A farmer and his potatoes

I had no idea what to expect when I was doing this. I think I had 5 of these particular plants and they had the blight (the other potatoes did not have it). So against my better judgment I cut them off as the google instructs and waited the requisite 2 weeks.

OMG!! This was as gratifying as it was easy. It turns out that Ann White was right about something for a change.

Produce report

Tomato. Just the one. This is an aberation, my sister gave me this plant, a red zebra, for my birthday and it’s the only plant in my garden that looks like it’s going to produce anything. And there won’t be another red tomato for weeks it appears to me.

The tomato, like all first tomatoes, as well as first pancakes and waffles, was not-so-much. But it was something anyway and I was thrilled to have it.

Produce report

Onions. OK, maybe not so much but it’s something and more remarkably something the squirrels are not eating.

A certain know-it-all I am acquainted with told me that the tearing that comes with onion slicing is worse with fresh onions. I was like Oh? Mm hm, whatever.

After 10 minutes of open weeping in my living room I was able to finish making my salad.

Plakis gigantes

Giant beans. Greek beans. I’m sure everyone remembers when I had the giant beans at the Greek restaurant in Frankfurt. I didn’t either until I was scrolling through some recipe by my friend Akis and I saw this recipe and was immediately reminded of their fabulousness. Strangely this coincided with an invitation to a friend’s for dinner, a sort of pot luck, and our hostess is Greek. So, bang, Greek beans.

Akis is a YouTube chef and I like what he does. Everything he makes is the easiest, the best and the sexiest, (his words not mine) and I do like his food, and Greek food in general.
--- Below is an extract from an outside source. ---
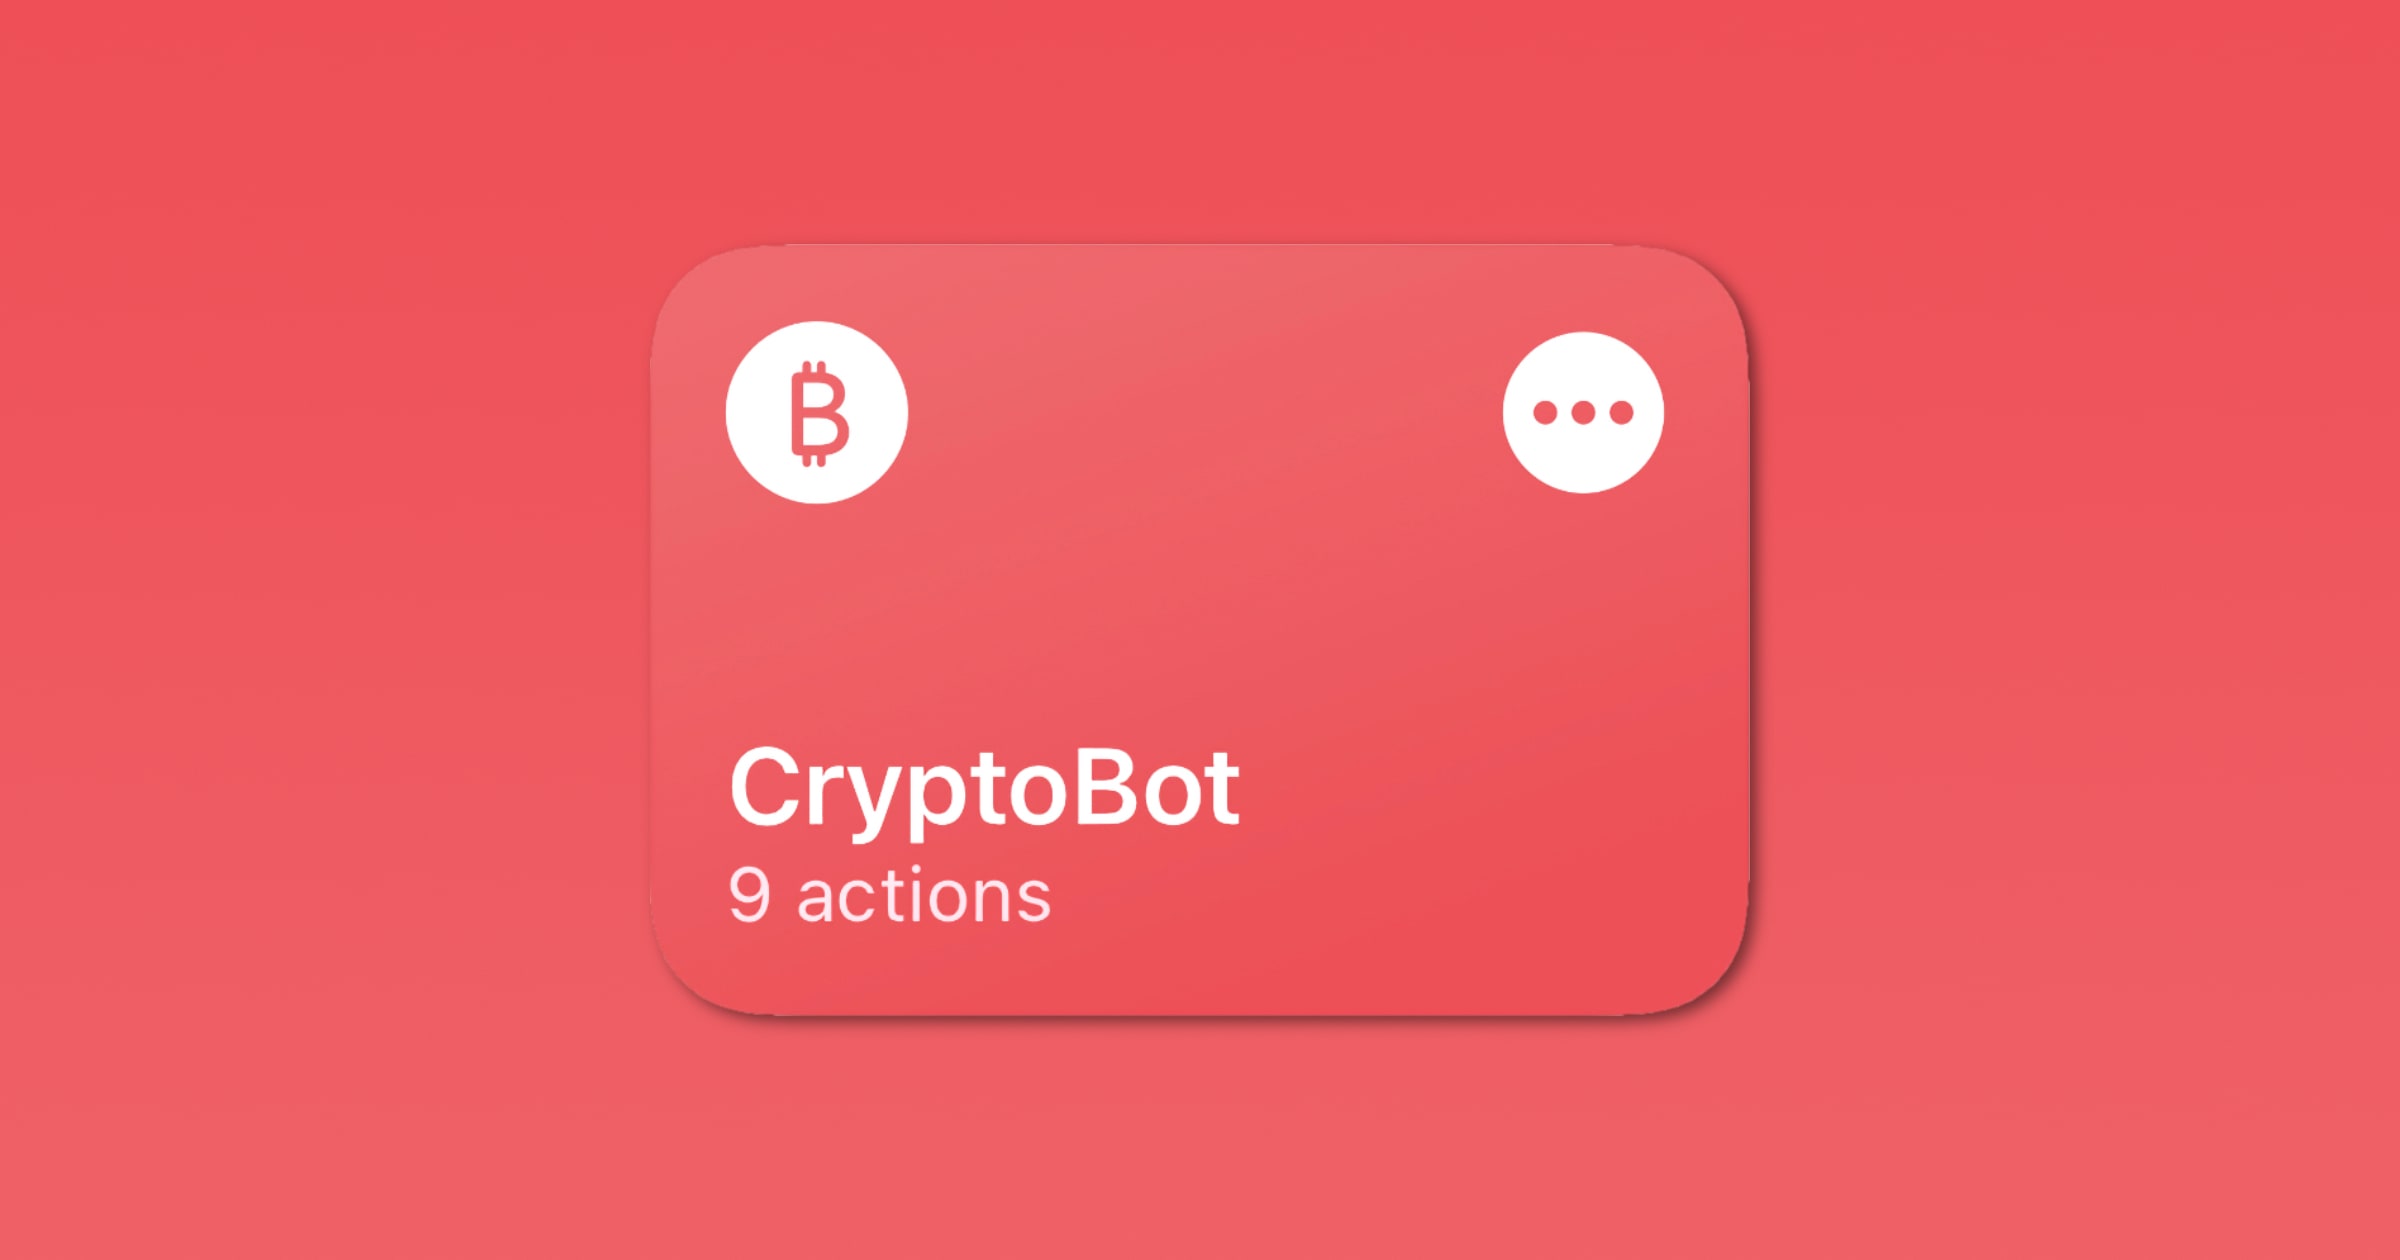 Let The ‘CryptoBot’ Shortcut Decide Which Cryptocurrency You Should Buy

This recipe though was way too complicated I thought. These beans should be very simple and the recipe is very complicated. I added the lemon zest he calls for against my better judgment and I should have listened to my better judgment. It didn’t add “brightness” it added sourness.

Nonetheless, I arrived at the party and my hostess took the beans from me and when dinner rolled around she refused to put them out saying she was keeping them for herself. Aside from tasting them when I made them, I didn’t get to eat them. Still, I was flattered, I guess.

Mushroom turnovers

I had one of my book clubs (you’d think I was constantly reading but I am not) and I was to bring “finger food.” Since I had pastry dough leftover from my 4th of July pie, empanadas or something like them came to mind. A couple cans of mushrooms, some caramelized onions and shredded cheese and boom! empanadas.
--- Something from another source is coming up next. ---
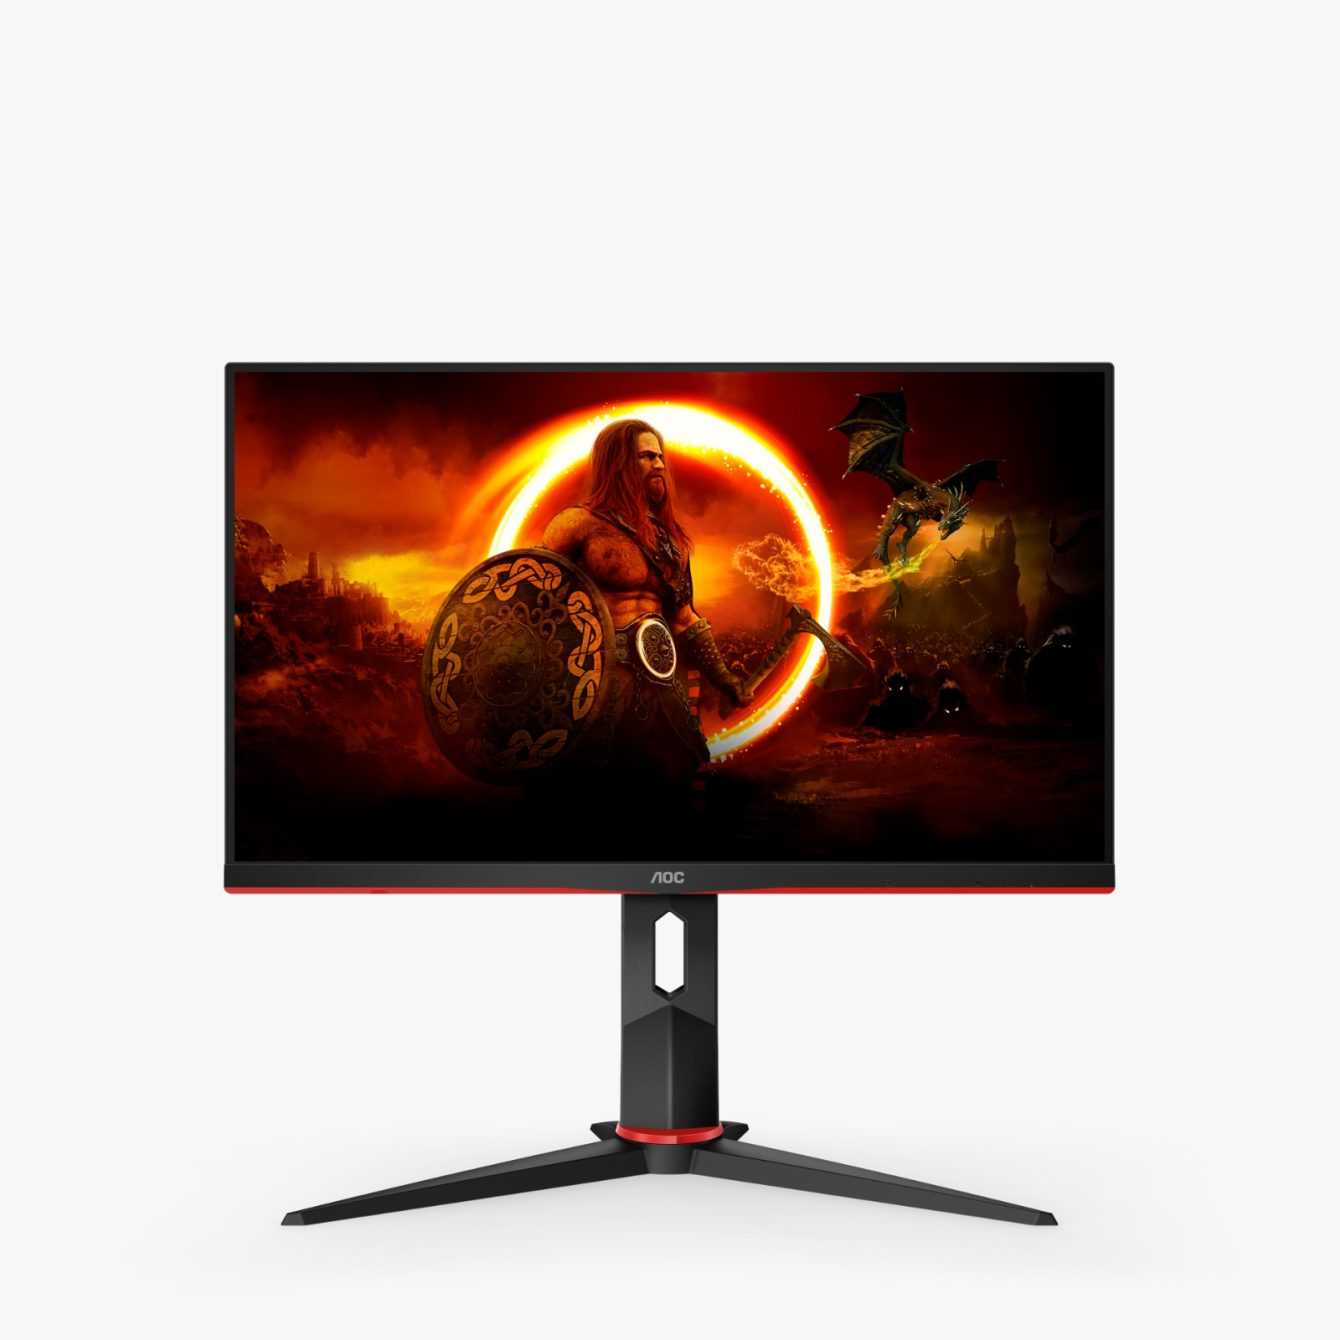 The new AGON by AOC 24″ Q24G2A/BK QHD gaming monitor is coming

They were pretty good considering, well, canned mushrooms and leftover dough.

Salsa choices

You know when you buy something simply because you like the jar? Probably you don’t. But I certainly do. I needed salsa and saw my go-to brand but this handsome bottle flashed before my eyes and since, like a crow, I am attracted to shiny objects, I bought it.
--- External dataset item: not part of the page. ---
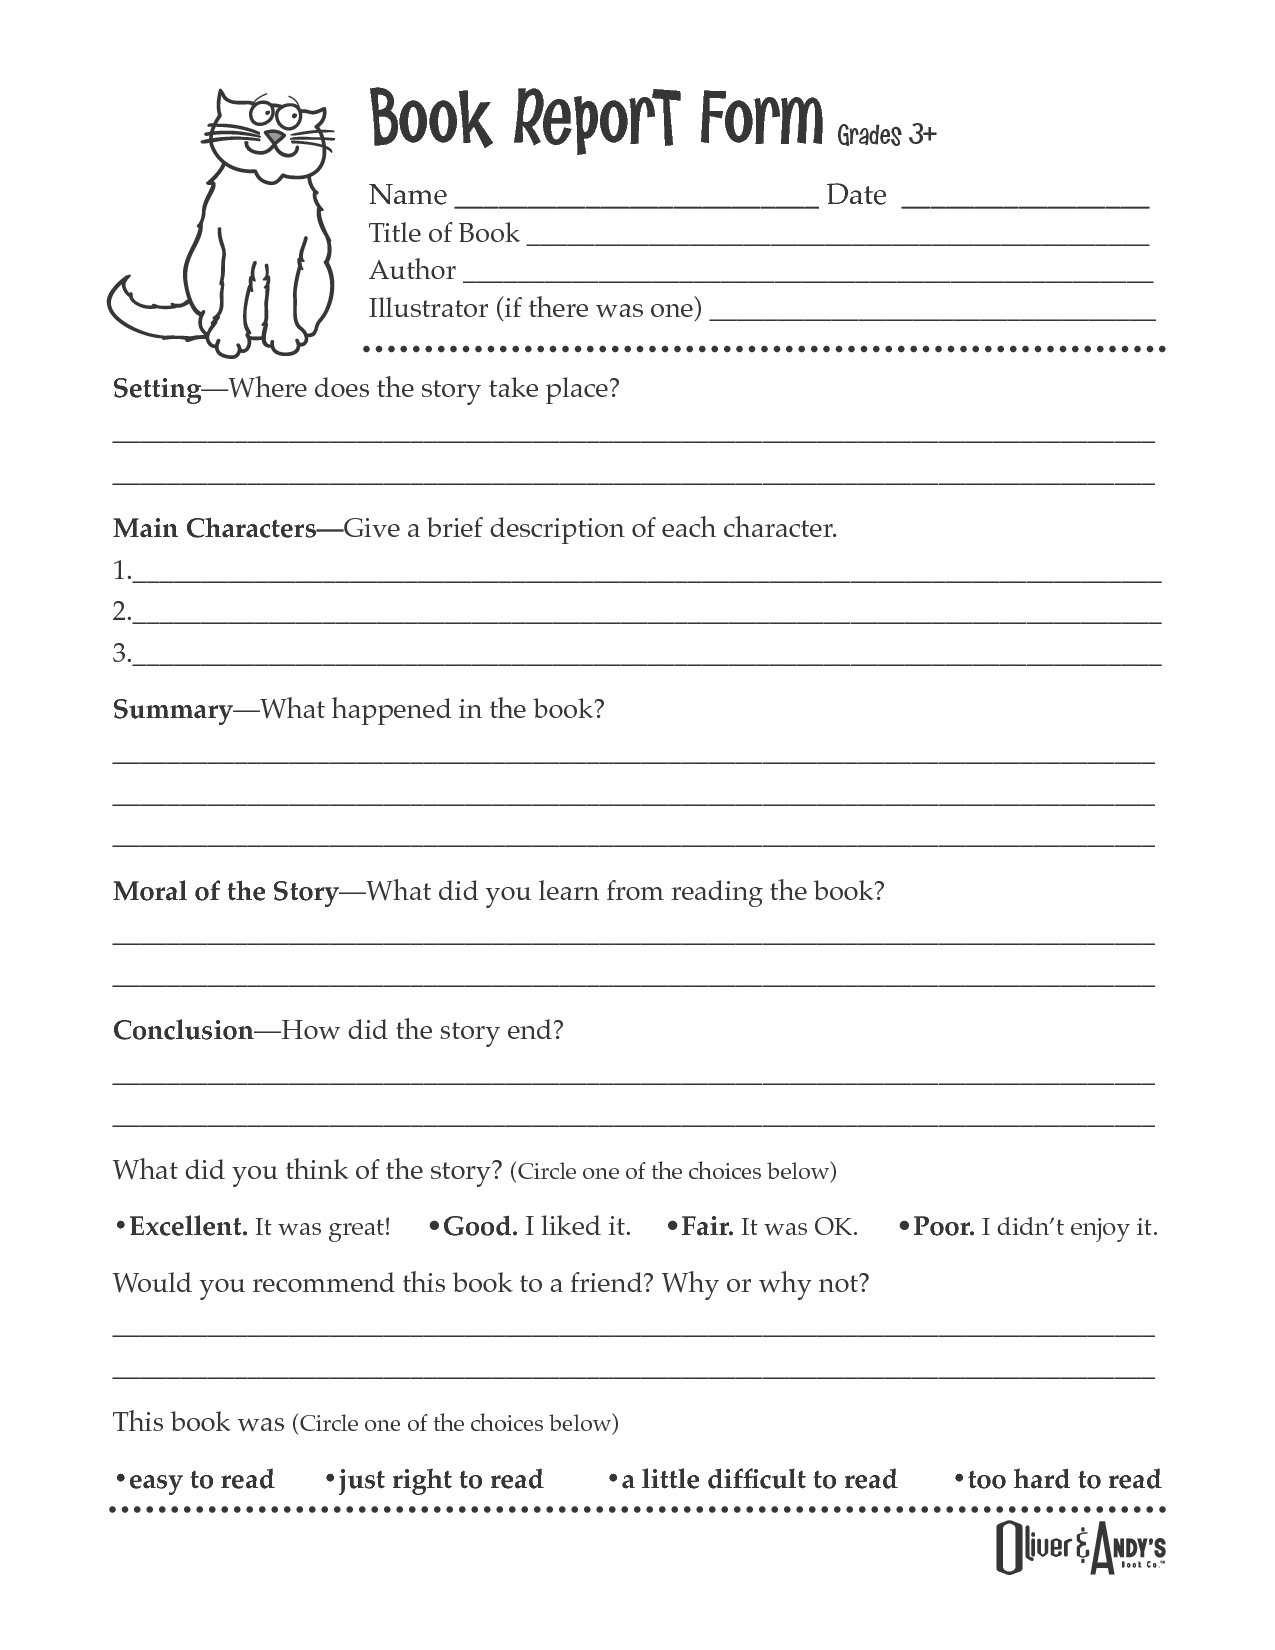 10 Famous Ideas For Books To Write second grade book report template book report form grades 3 2 2023

The salsa wasn’t half bad and now I have a new bottle for some damn thing or other.

4th of July pie

I have fond memories of this pie even though somehow I am unable to adequately reproduce it. My eldest grandniece was just old enough to be enthusiastically begging me for more the first time I made it and I cherish a sweet memory of her pleading with her mother for another piece with me gleefully telling my niece ‘yes, yes of course you can have more’ while her mother gave me the evil eye.

My punishment is that I have been unable to recreate it despite following the recipe exactly. The batter or filling or binder or whatever it is, just does not coalesce. It looked fine when it was baked and it tasted delicious but remained liquid-y when I sliced it. I solved that by putting a dollop of strawberry ice cream on each piece so no one really knew what the hell they were eating.